Le blog des éditions Libertalia

Histoire désinvolte du surréalisme, chronique du site Dissidences

lundi 13 janvier 2014 :: Permalien

Histoire désinvolte du surréalisme, Raoul Vaneigem - illustration de Bruno Bartkowiak

Histoire désinvolte du surréalisme.
Un compte rendu de Frédéric Thomas publié sur le site Dissidences.

Raoul Vaneigem
[Jules-François Dupuis],
Histoire désinvolte du surréalisme

Les éditions Libertalia ont eu la bonne idée de rééditer ce livre écrit au début de la décennie 1970 (publié en 1977) sous un pseudonyme, par Raoul Vaneigem, l’une des « têtes pensantes » de l’Internationale situationniste (IS, 1956-1972). Désinvolte, cette histoire l’est. Cependant, elle est loin d’être inintéressante et « légère ». Écrite rapidement, « à la demande d’une maison d’édition française » (p. 7), l’auteur a surtout voulu parer au plus pressé : revenir sur l’histoire du surréalisme, en rappeler la charge de révolte et d’humour, les enjeux et les limites.

Cet essai débute ainsi par une généalogie du mouvement, en le réinscrivant dans le courant plus général du romantisme et dans le prolongement « d’une “esthétique radicale” en “éthique radicale” » (p. 16) et dont l’origine immédiate est marquée par « la triple défaite de Spartacus, de Dada et de la révolution des conseils en Russie » (p. 22). L’auteur cherche également à réhabiliter l’aspect collectif et international – même si le surréalisme belge (pourtant bien connu par l’auteur) et, plus particulièrement, son principal théoricien Paul Nougé, sont peu abordés ; en raison très certainement de leur engagement stalinien après 1945 – ainsi que certaines figures dont la principale est Benjamin Péret : « l’élément le plus indépendant et le plus libertaire du mouvement » (p. 94).

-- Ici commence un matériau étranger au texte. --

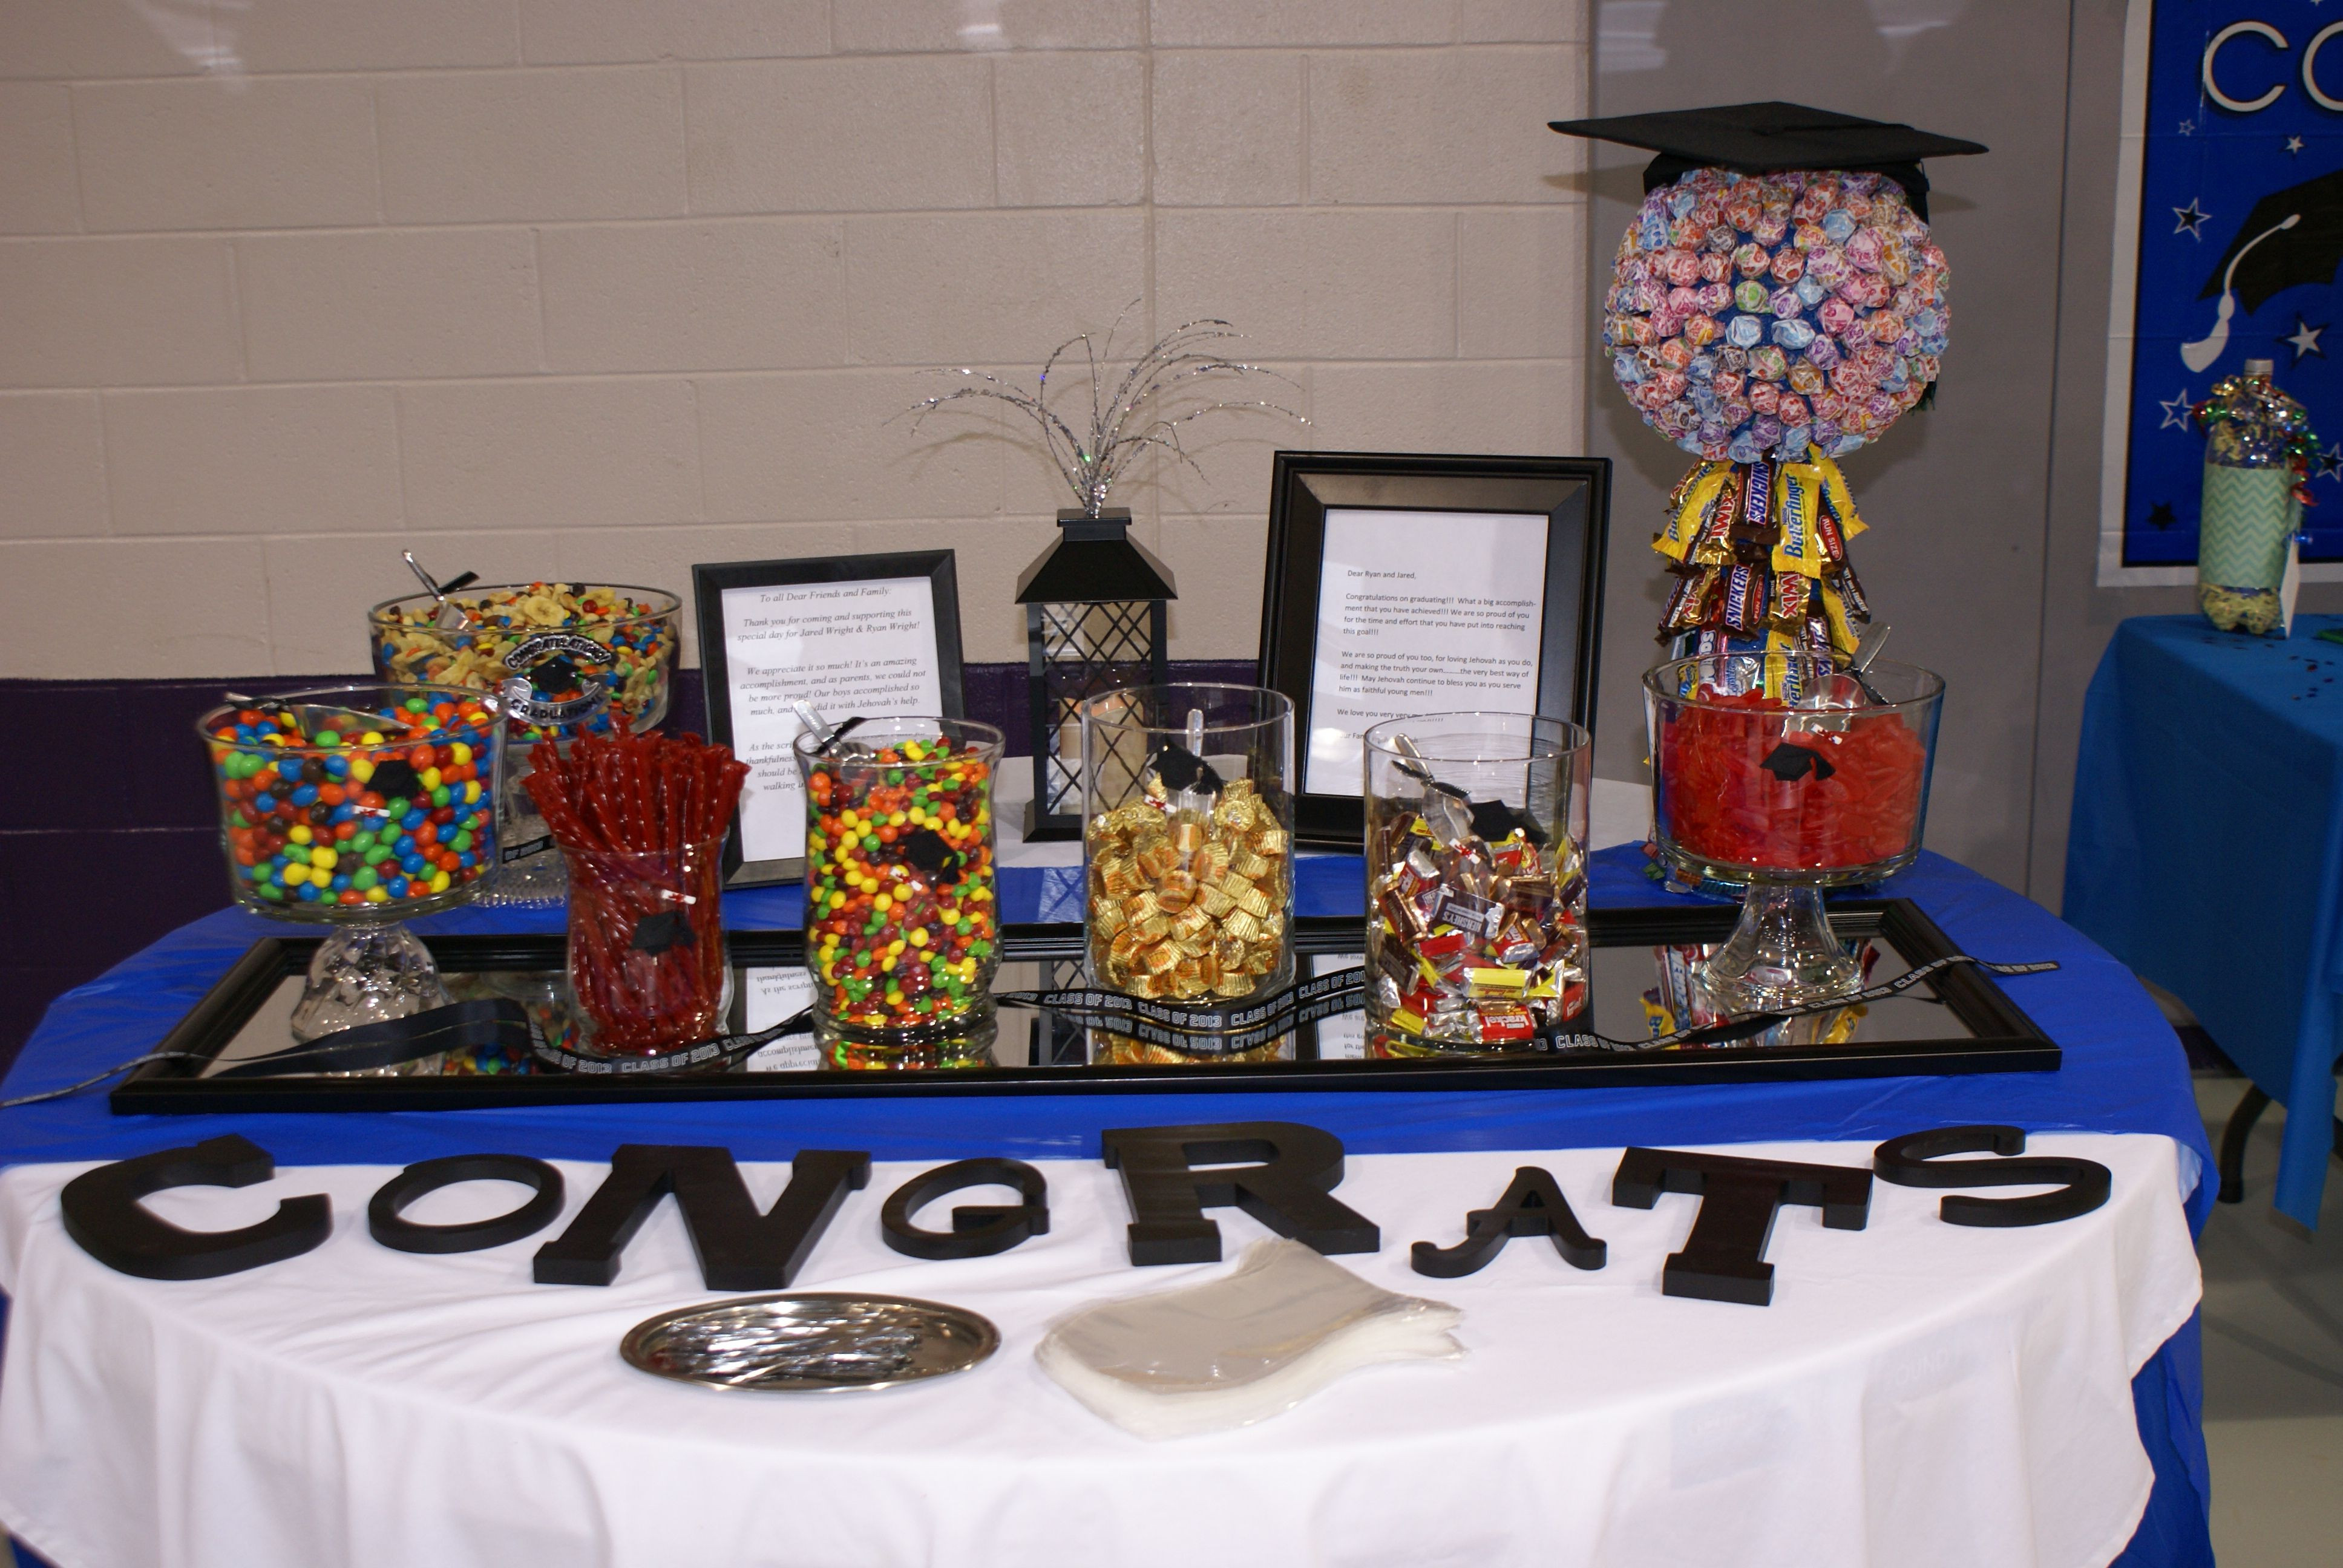 Graduation Party Candy Table Ideas
 Another thing I did for son s senior grad party "candy

L’intérêt majeur du livre est de situer les principaux nœuds du surréalisme : « la contradiction entre la rigueur volontariste et la compromission » (p. 22), le rapport au communisme entendu comme « façon plus décisive » de « rompre avec les hommes de lettres » (p. 32) mais réorientant et réduisant du même coup la portée de cette « révolution totale » à laquelle le mouvement entendait s’atteler, le commerce de l’art pratiqué par plusieurs surréalistes comme pendant au refus du travail, et le succès de la peinture surréaliste (p. 117). En ce sens, pour Raoul Vaneigem, le cas Dali constituerait, plutôt qu’un accident de parcours, « le meilleur exemple de la réussite et de la faillite du surréalisme ; échec de la créativité comme élément révolutionnaire, réussite de la parfaite intégration au vieux monde » (p. 123).

Bien sûr, le livre est écrit dans la perspective de l’IS, c’est-à-dire du dépassement de Dada et du surréalisme. Mais il est également écrit en fonction de l’éloignement, puis de la rupture entre Vaneigem et l’IS. Cette perspective et ce positionnement orientent l’interprétation en lui donnant tout son mordant… mais également ses limites. Si certaines contradictions sont bien ciblées, elles font l’objet parfois de belles formules plutôt que d’analyses – il en va ainsi de la poésie faite par tous entendue comme « autogestion généralisée » (p. 91). De plus, tout le discours sur la « récupération » du surréalisme, à l’heure où l’IS trouve une place de choix sur le marché, est à revoir à cette lumière crue. Enfin, la critique de Raoul Vaneigem s’inscrit dans une ambition de radicalité qui refusait la production d’œuvres et sanctionnait – il y a déjà plus de 50 ans – la mort de l’art. Les défauts et faiblesses des produits surréalistes doivent aussi se mesurer à une telle prétention – et à ses impasses. Soit à une certaine désinvolture qui aura parfois fait défaut à l’IS.